410

Case No. 2,573a.

CHALMERS SPENCE PAT. NON-CONDUCTOR CO. v. CRAMP et al.

[5 Ban. & A. 66.]1

Circuit Court, E. D. Pennsylvania.

Jan., 1880.

PATENTS—“STEAM BOILER COVERING”—VALIDITY.

The letters patent, No. 55,598, granted June 19th, 1866, to John Ashcroft, the claim of which is for “covering a steam boiler, pipe or other heater with felt or other non-conducting material, when the latter is supported on a framework removed from and surrounding the former, not being in direct contact, but having an air-space intervening between said felt and boiler, pipe or other heater, constructed and operated substantially in the manner described and for the purpose set forth:” Held, to be valid.
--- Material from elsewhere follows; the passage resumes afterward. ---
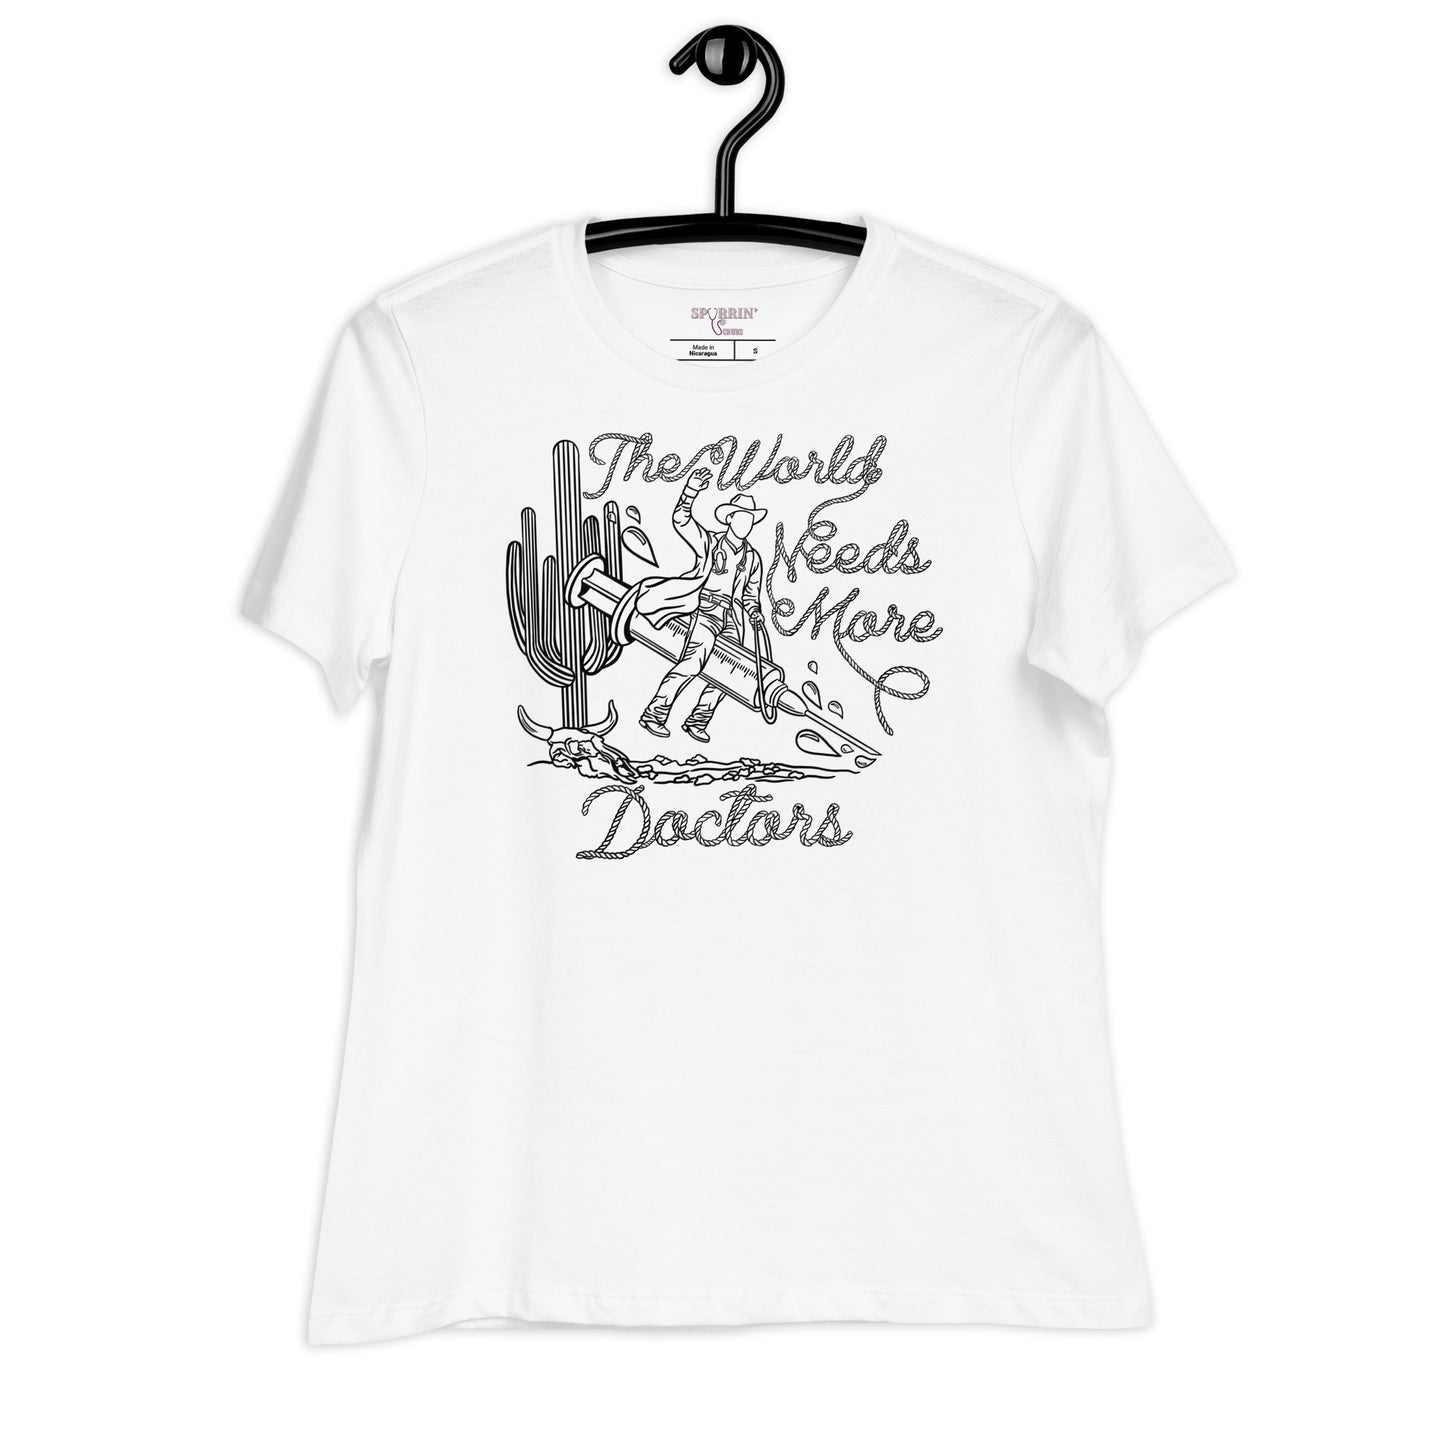 TWNM- Doctors Women's Relaxed T-Shirt Light Colors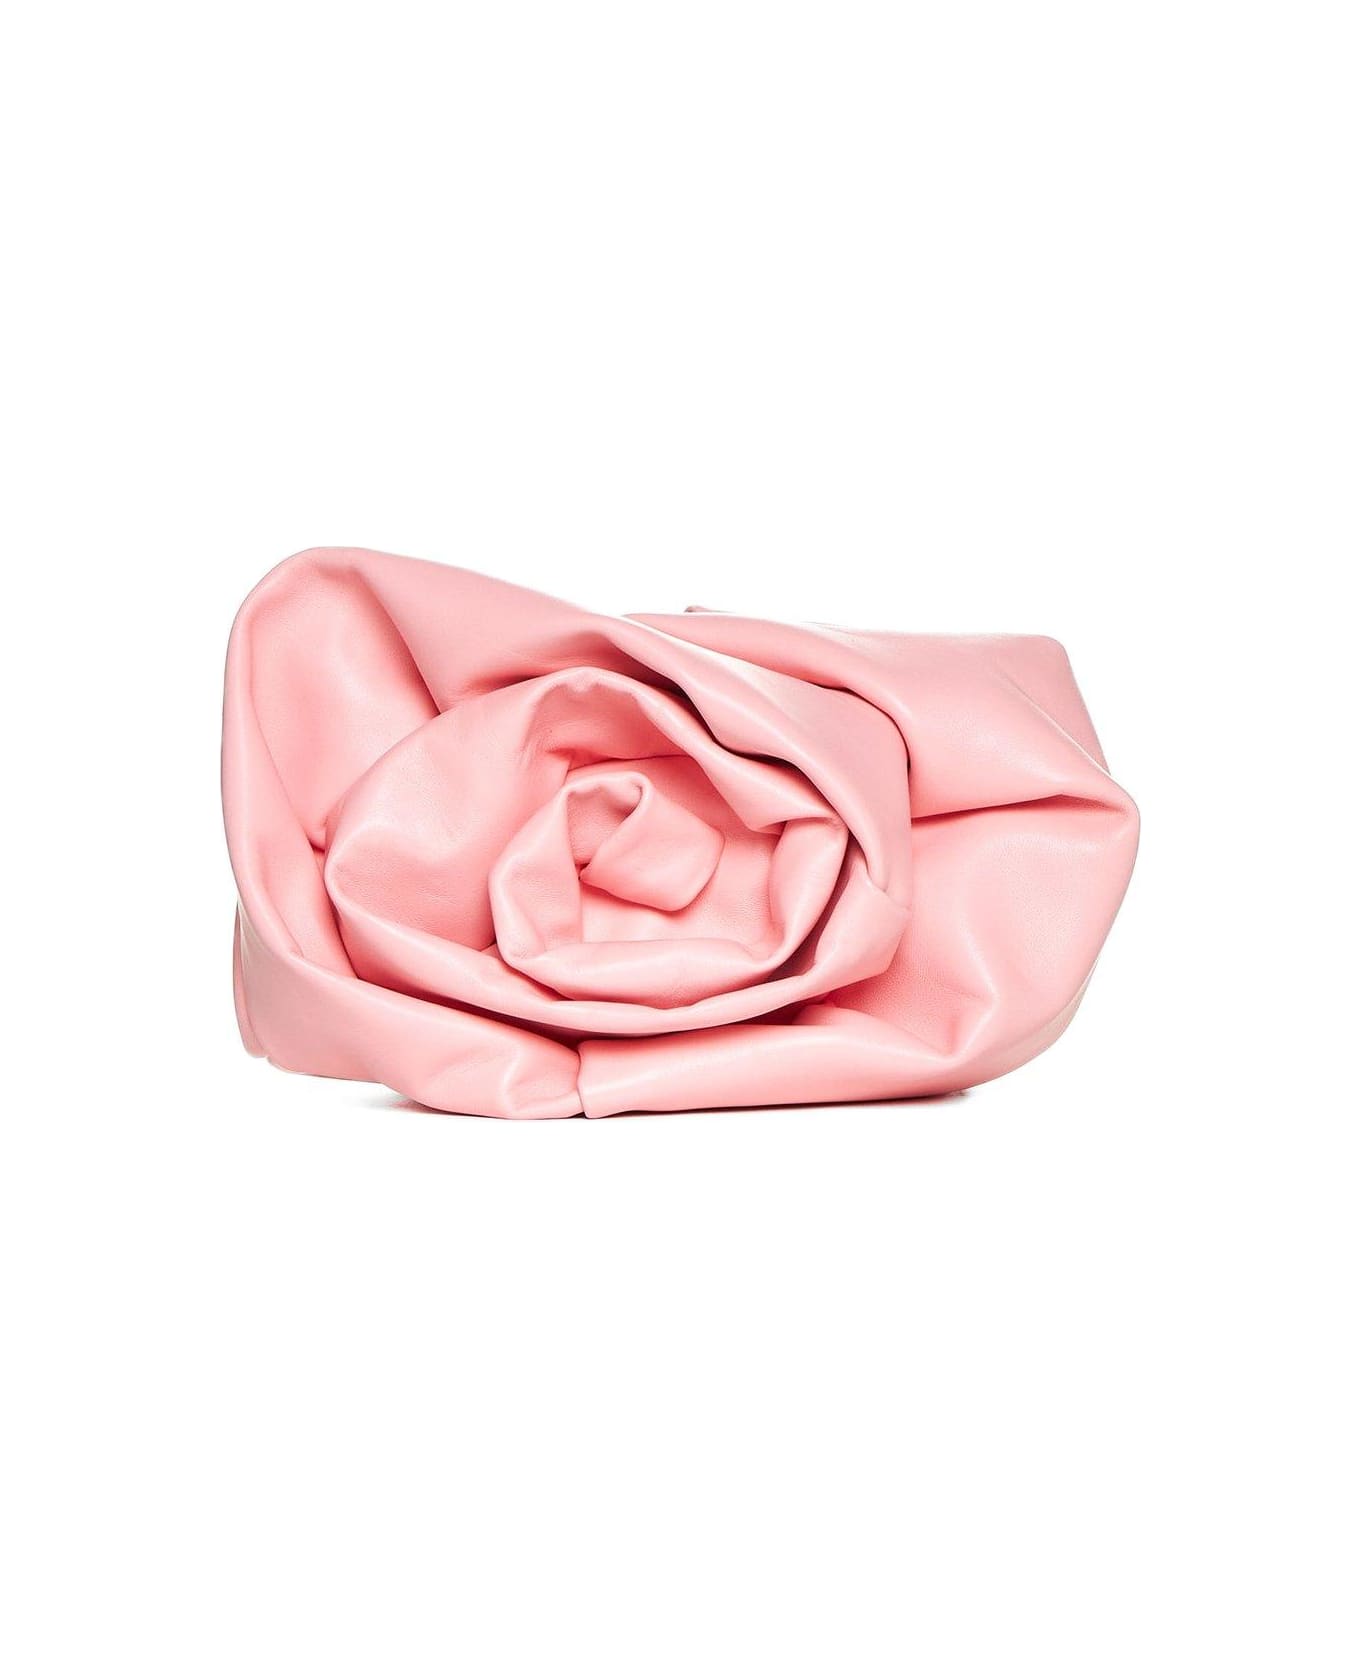 Burberry 3d Rose Ruched Clutch Bag - Candy トートバッグ

[Cited in Chalmers Spence Patent Non-Conductor Co. v. Pierce, 9 Fed. 152.]

[In equity. Bill for injunction by Chalmers Spence Patent Non-Conductor Company against William H. Cramp and others for the alleged infringement of letters patent No. 55,598, granted to John Ashcroft June 19, 1866.]

E. B. Barnum, for complainants.

Charles B. Collier and W. W. Ledyard, for defendants.

MCKENNAN, Circuit Judge. There is no substantial contest here touching the infringement of the complainants' patent by the defendants. Indeed, there is no denial of infringement in the answer as charged in the bill. The defence is rested upon the alleged invalidity of the patent, for the reason that the patentee was not the first and original inventor of the thing claimed; and various patents are referred to and allegations of prior use are made, which are charged as anticipatory of the patentee's invention. A careful consideration and comparison of the patents referred to and of the devices proved, although indefinitely and unsatisfactorily, to have been used experimentally before the date of the patent in controversy, have led me to the conclusion that they are substantially distinguishable, and that the assault upon the patent must be regarded as having failed. I do not propose to assume the burden of stating in detail the reason for this conclusion, but to express it generally, and to direct that a decree for an injunction and an account be entered in favor of the complainants.

[NOTE. For another case involving this patent, see Chalmers Spence Pat. Non-Conductor Co. v. Pierce, 9 Fed. 152.]

1 [Reported by Hubert A. Banning, Esq., and Henry Arden, Esq., and here reprinted by permission.]